Monitoring overview

Know what’s happening in your infrastructure. Alpacon keeps detailed records of every action, so you can track team activities, troubleshoot issues, and meet compliance requirements.

Why monitoring matters

For security: See who’s accessing your servers and what they’re doing. Spot suspicious activity before it becomes a problem.

For compliance: Need to prove who did what and when? Full audit trails help you meet SOC 2, ISO 27001, and other regulatory requirements.

For troubleshooting: When something breaks, review what commands were run and what changed. Debug faster with complete activity history.

What you can track

Who’s using your servers

Websh history

Every time someone opens a terminal to a server, it’s logged. See:

  • Who connected to which server
  • When they connected and for how long
  • What commands they ran in the terminal
  • Their browser and IP address

Perfect for security audits and understanding team workflows.

File transfers

WebFTP history

Track all file uploads and downloads:

  • What files were transferred
  • Who transferred them
  • File sizes and paths
  • When it happened

Essential for data security and compliance.

Command execution

Command history

See every command sent to your servers:

  • User-submitted commands
  • Automated commands from integrations
  • Command results and status
  • When commands ran and who triggered them

Great for debugging and security monitoring.

User actions

User activity

Track workspace-level activities:

  • Login attempts (successful and failed)
  • Permission changes
  • Setting modifications
  • Resource access

Monitor administrative actions and unusual behavior.

System events

System logs

Centralized logs from all your servers:

  • Application errors
  • System events
  • Security warnings
  • Service status

Debug issues across your entire infrastructure from one place.

Common use cases

Security team:

  • Monitor privileged access to production servers
  • Track failed login attempts
  • Audit administrative actions
  • Investigate security incidents

DevOps team:

  • Debug deployment issues with command history
  • Track configuration changes
  • Monitor system health across servers
  • Review automated job executions

Compliance officer:

  • Generate audit reports for certifications
  • Prove who accessed sensitive systems
  • Track data access and transfers
  • Maintain detailed activity logs

Support team:

  • Understand what users were doing when issues occurred
  • Review commands run during incidents
  • Check server logs for errors
  • Track support team actions

Getting started

New to monitoring? Here’s where to start:

  1. Check Websh history - See recent terminal sessions
  2. Review commands - Understand what’s running on your servers
  3. Monitor user activity - Track team actions
  4. Set up system logs - Centralize your server logs

Who can access monitoring

Your own activity: Everyone can see their own actions and command history.

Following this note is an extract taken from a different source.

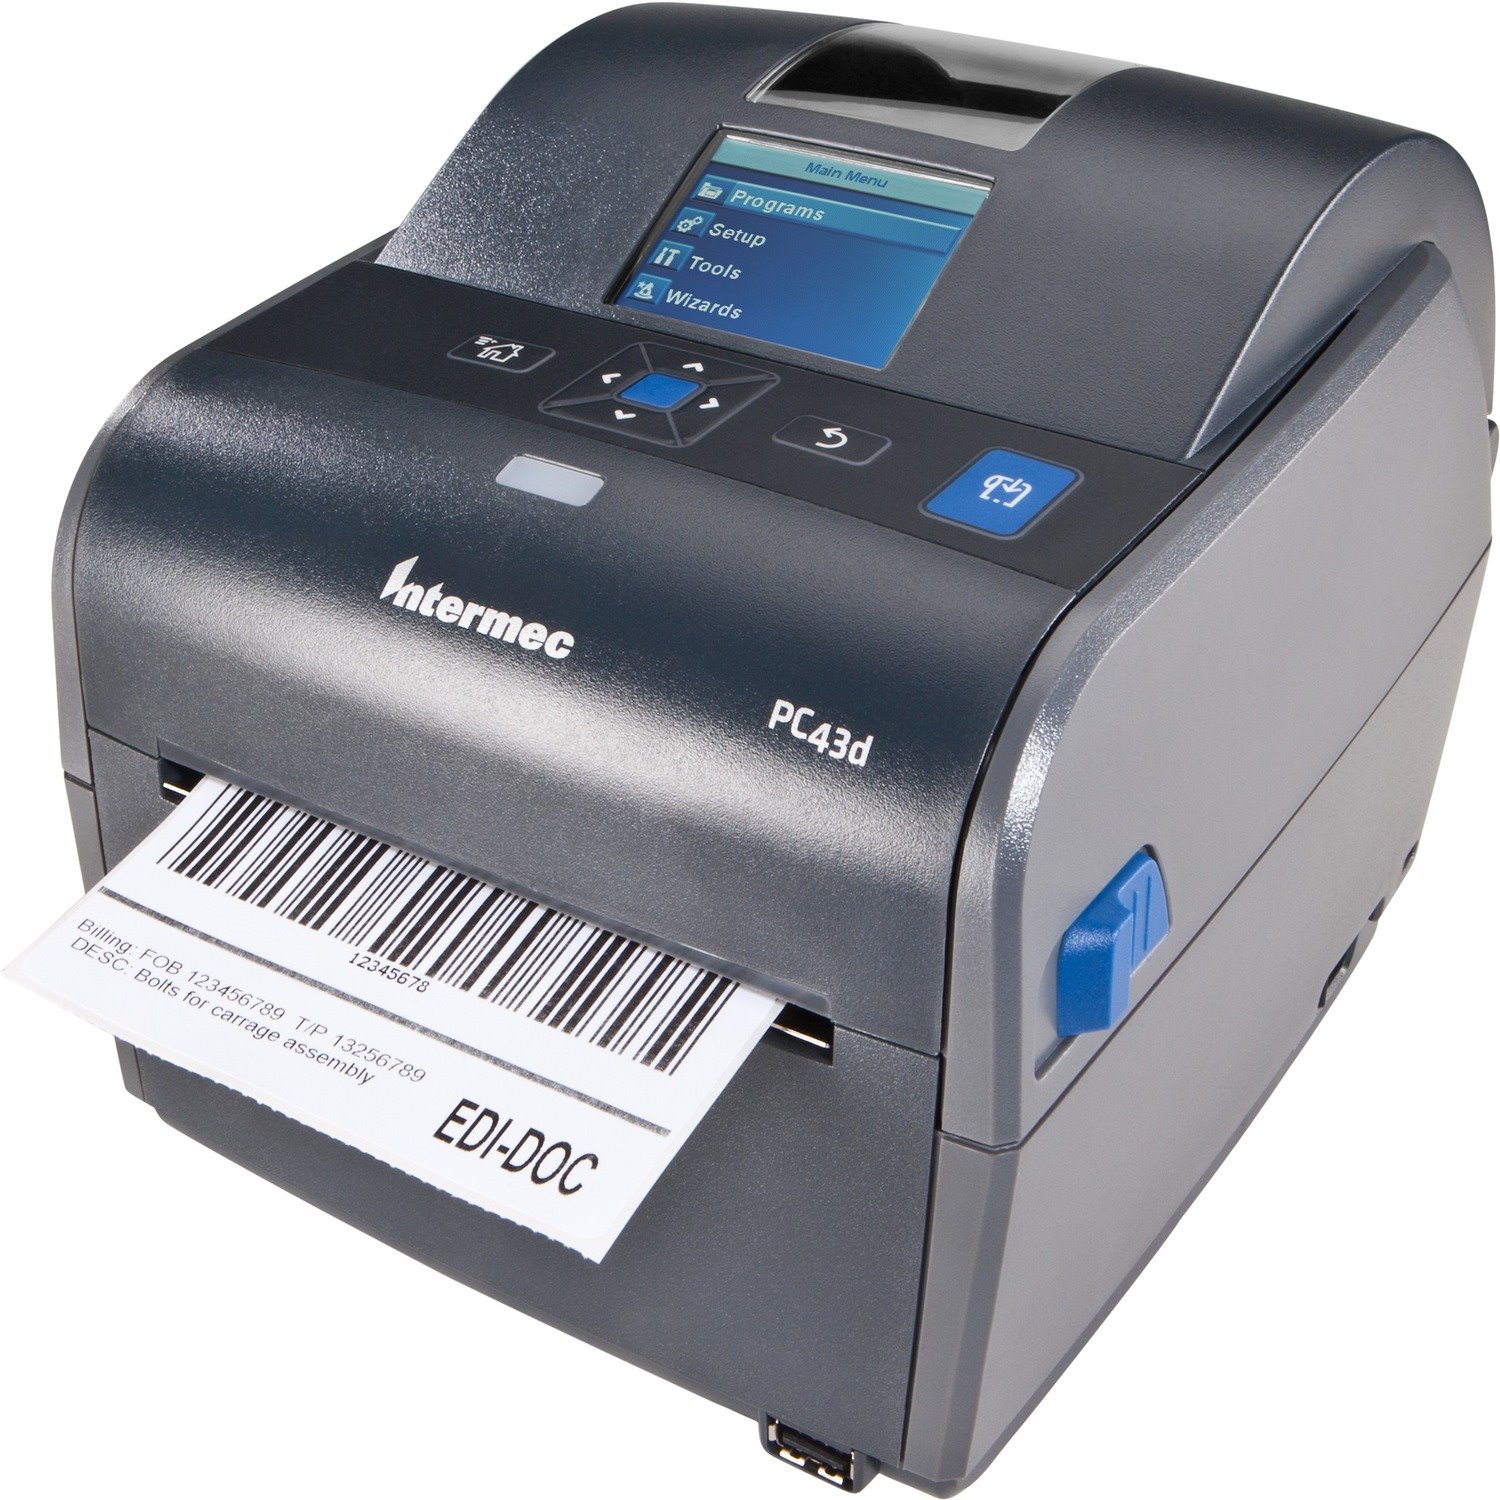 Intermec PC43d Desktop Direct Thermal Printer - Monochrome - RFID Label Print - USB

Full audit access: Staff and superuser roles can view all team activities and complete audit logs.

Need to give someone audit access? Learn about IAM permissions

Tips for effective monitoring

Review regularly: Don’t wait for incidents. Check logs weekly to spot patterns and potential issues early.

Set up alerts: Configure notifications for important events like failed logins or critical errors.

Use filters: Got lots of data? Filter by user, server, or time range to find what you need quickly.

Archive for compliance: If you have regulatory requirements, export and archive logs according to your retention policy.